Deep neural network model afterwards is trained, until the verifying collects the correspondence of each verifying sample of all verifying samples
Difference measurement index be less than or equal to the preset threshold.In addition to this it is possible to have other default training termination conditions,
Such as the number of the training iteration of model has had reached preset upper limit, specifically here also without limitation.
It should be understood that the size of the serial number of each step is not meant that the order of the execution order in above-described embodiment, each process
Execution sequence should be determined by its function and internal logic, the implementation process without coping with the embodiment of the present invention constitutes any limit
It is fixed.
In one embodiment, a kind of neural network model training device is provided, the neural network model training device with it is upper
Neural network model training method in embodiment is stated to correspond.As shown in fig. 7, the neural network model training device 10 includes
Training module 101, authentication module 102, the first computing module 103, the first determining module 104, the second computing module 105, second
Determining module 106, amplification module 107, detailed description are as follows for each functional module:
Training module 101, for being trained according to the training sample of training set to deep neural network model, to obtain
Deep neural network model after training;
Authentication module 102, the deep neural network after the training for being obtained according to the training module 101 training
Model carries out data verification to all reference samples of reference set, to obtain each reference sample in all reference samples
Model predication value, the reference set include verifying collection and/or test set;
First computing module 103, the model for calculating each reference sample that the verifying of authentication module 102 obtains are pre-
Difference measurement index between measured value true mark corresponding with each reference sample, each reference sample are pre- advanced
Data mark is gone;
First determining module 104, for what the first computing module 103 described in all reference samples was calculated
Difference measurement index is less than or equal to the object reference sample of preset threshold as comparative sample;
Second computing module 105, for calculating the training sample in the training set and first determining module 104 really
Similarity between each of fixed comparative sample;
Second determining module 106, between the comparative sample for second computing module 105 to be calculated
Similarity meet the training sample of default amplification condition as sample to be amplified;
Module 107 is expanded, carries out data amplification for the to be amplified sample fixed to second determining module true 106
To obtain target training sample;
The training module 101, the target training sample for expanding the amplified sample is as described in
Training sample in training set trains the deep neural network model after the training again, until the verifying collects institute
The model predication value that some verifies sample meets default training termination condition.
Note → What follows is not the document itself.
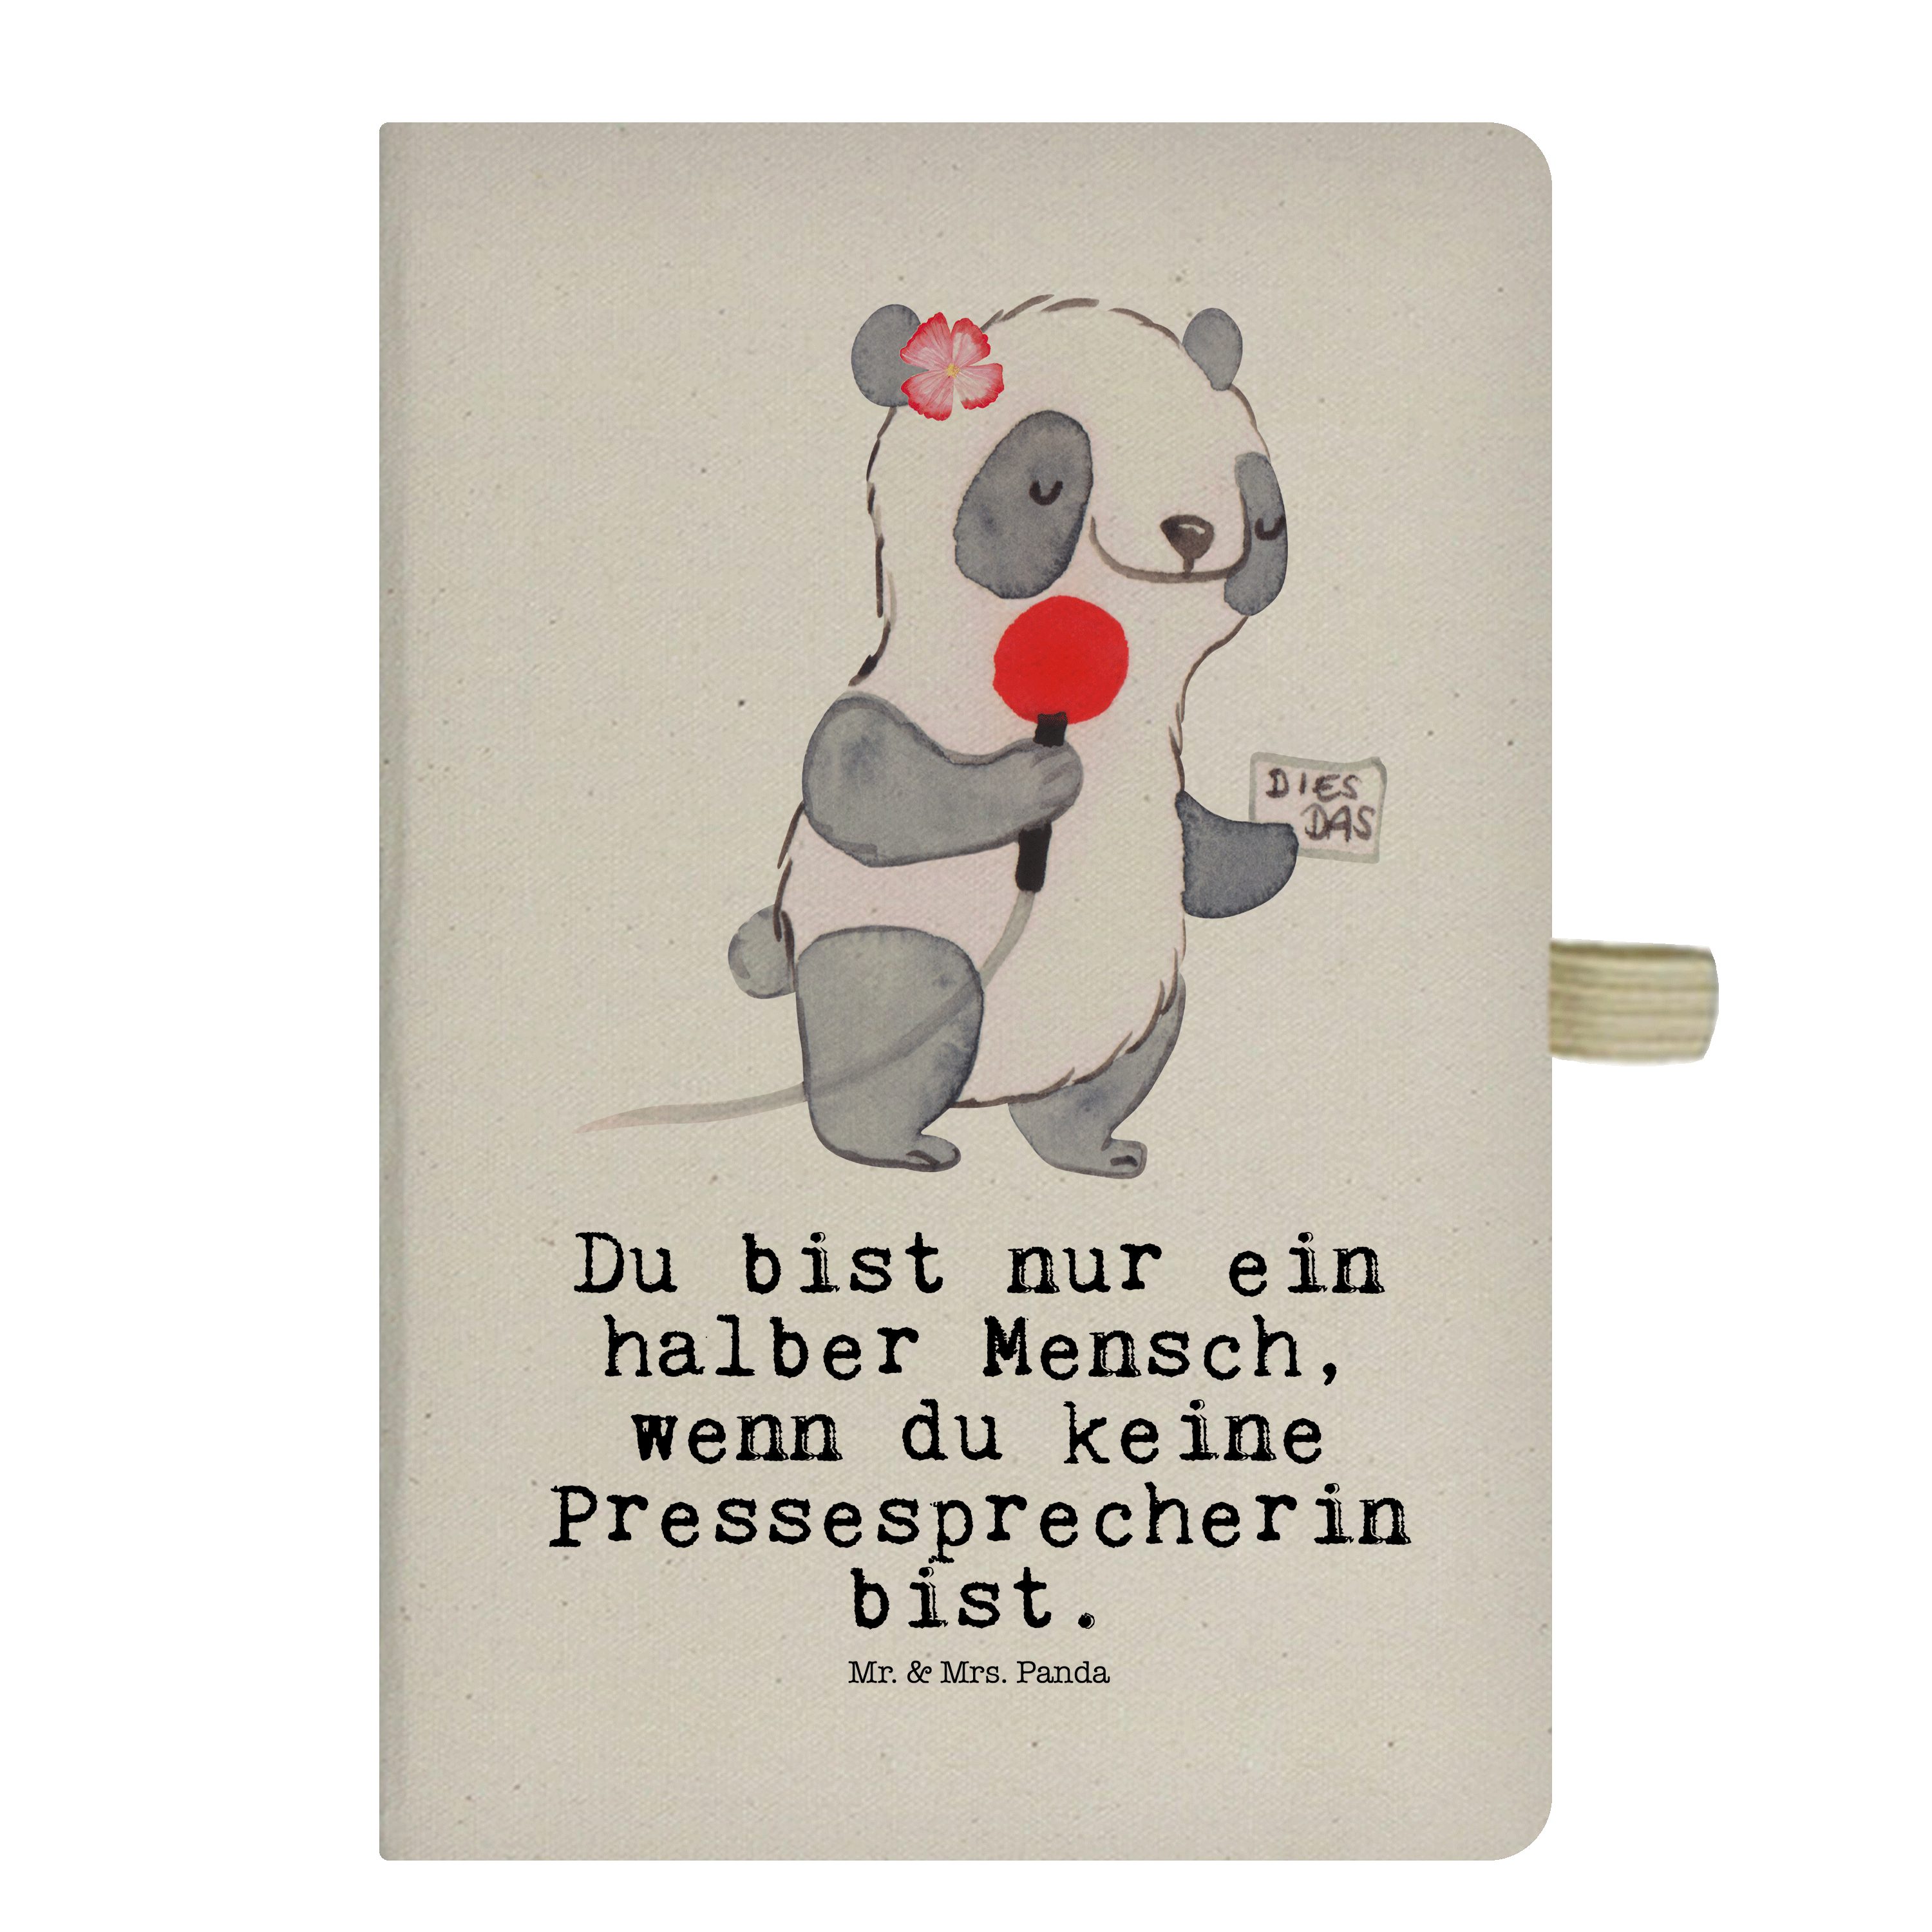 Mr. & Mrs. Panda Notizbuch Pressesprecherin mit Herz - Transparent - Geschenk, Notizen, Journal, Mr. & Mrs. Panda

In one embodiment, the training module 101 is for described using the target training sample as the training set
In training sample the deep neural network model after the training is trained, until the verifying collects all verifying sample
This model predication value meets default training termination condition, specifically includes:
The training module 101 is used for: using the target training sample as the training sample in the training set to institute
Deep neural network model after stating training is trained, until the verifying collects each verifying sample of all verifying samples
Corresponding difference measurement index be less than or equal to the preset threshold.
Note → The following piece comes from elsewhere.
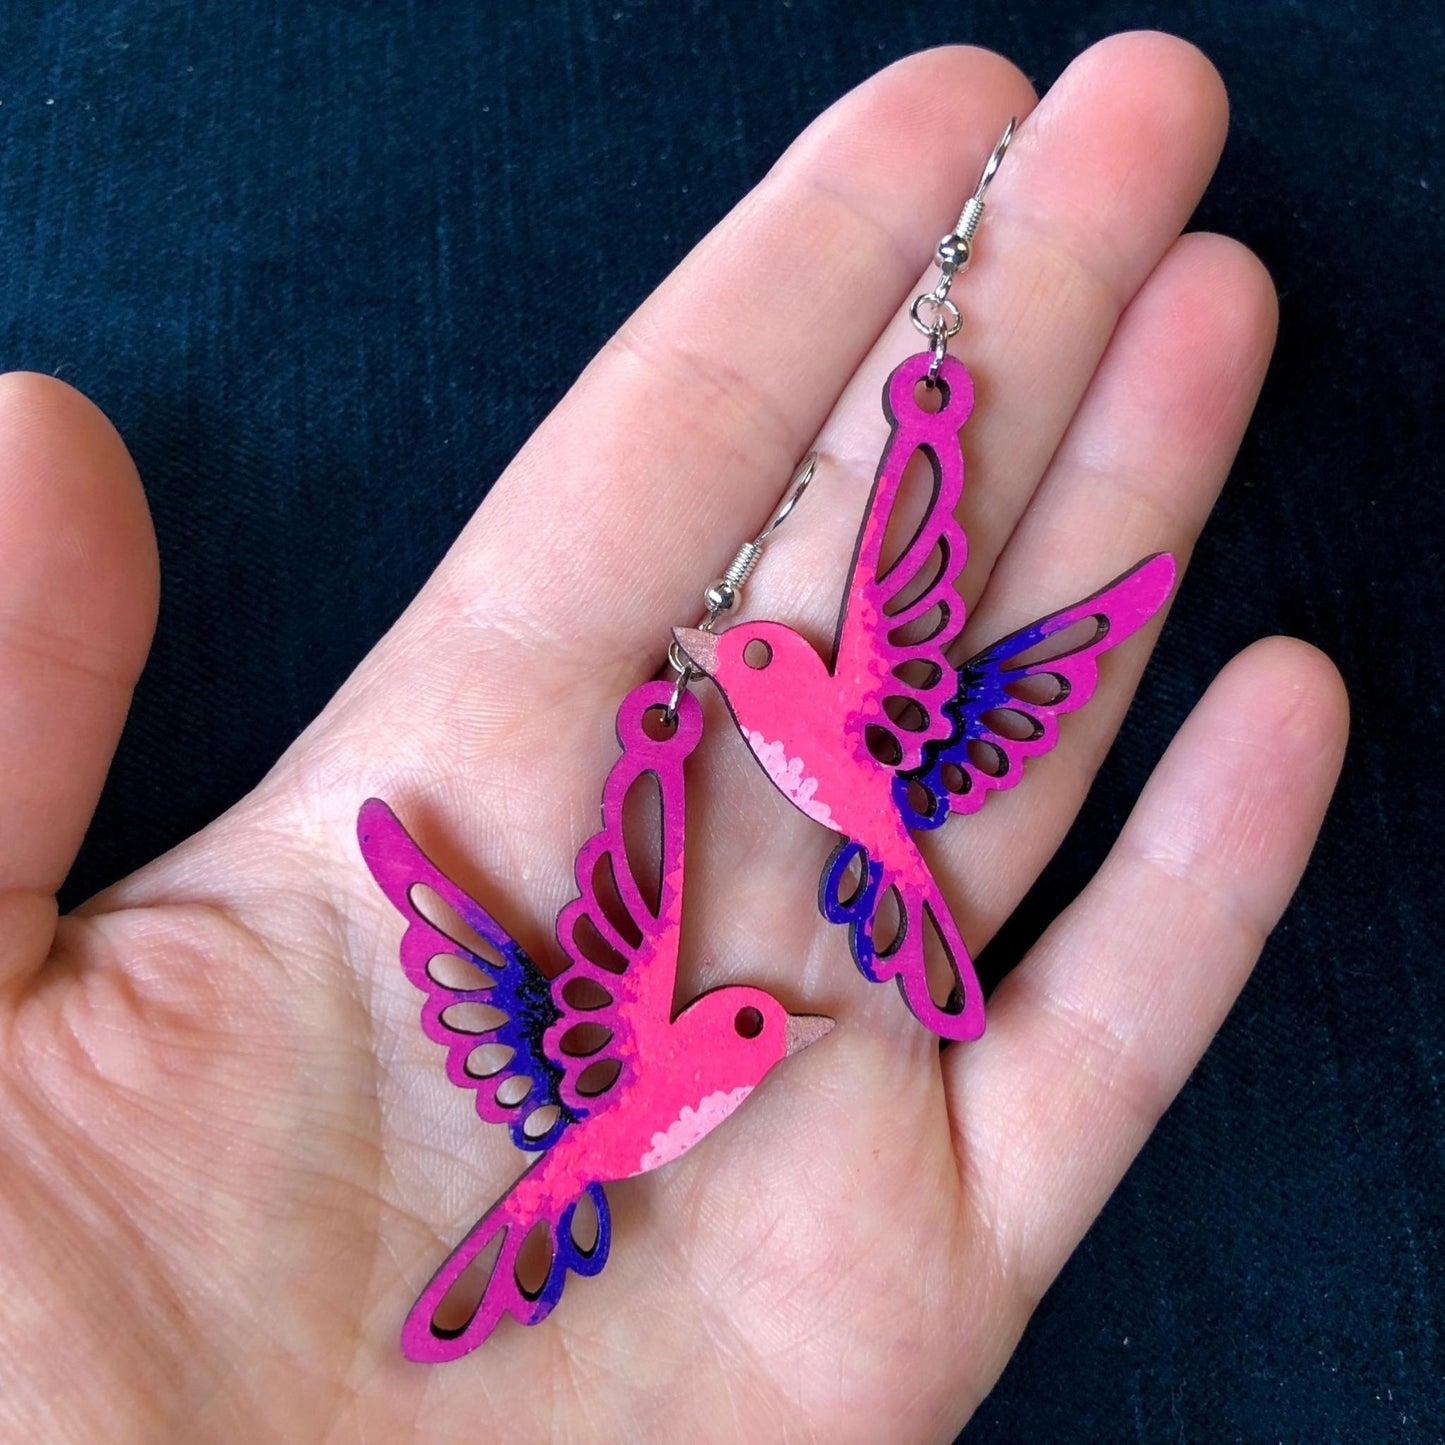 Barbie Bird - Hand-Painted Wood Earrings - Driftless Enchantments

In one embodiment, the first computing module 103 is specifically used for:
Difference measurement index type used by deep neural network model after determining the training;
According to the difference measurement index type, the model predication value of calculating each reference sample and each ginseng
Examine the difference measurement index between the corresponding true mark of sample.
In one embodiment, the first computing module 103 is for determining that the deep neural network model after the training is adopted
Difference measurement index type, specifically includes:
First computing module 103 is specifically used for:
Pre-set level corresponding lists are obtained, the pre-set level list includes that difference measurement index type refers to model effect
Show that the corresponding relationship between character, the model effect pointing character are used to indicate the effect of deep neural network model;
The corresponding model of deep neural network model after determining the training acts on pointing character;
After acting on corresponding relationship and the training between pointing character according to the difference measurement index and model
The corresponding model of deep neural network model acts on pointing character, and the deep neural network model after determining the training is used
Difference measurement index type.
In one embodiment, the difference measurement index type includes cross entropy coefficient, the German number of outstanding card and dice system
Number, wherein indicated depth neural network model is for the model effect pointing character of image classification effect and the cross entropy system
Number is corresponding, and indicated depth neural network model is German for the model effect pointing character of image segmentation effect and the outstanding card
Several or dice coefficient is corresponding.
In one embodiment, the second computing module 105, is specifically used for:
It is each to obtain that feature extraction is carried out according to each training sample of the default Feature Selection Model to the training set
The feature vector of training sample, the pre-set image Feature Selection Model are the feature trained based on convolutional neural networks
Extract model;
Feature extraction is carried out to obtain each comparative sample to the comparative sample according to the default Feature Selection Model
Feature vector;
The instruction is calculated according to the feature vector of each training sample and the feature vector of each comparative sample
Practice the similarity between the training sample and the comparative sample concentrated.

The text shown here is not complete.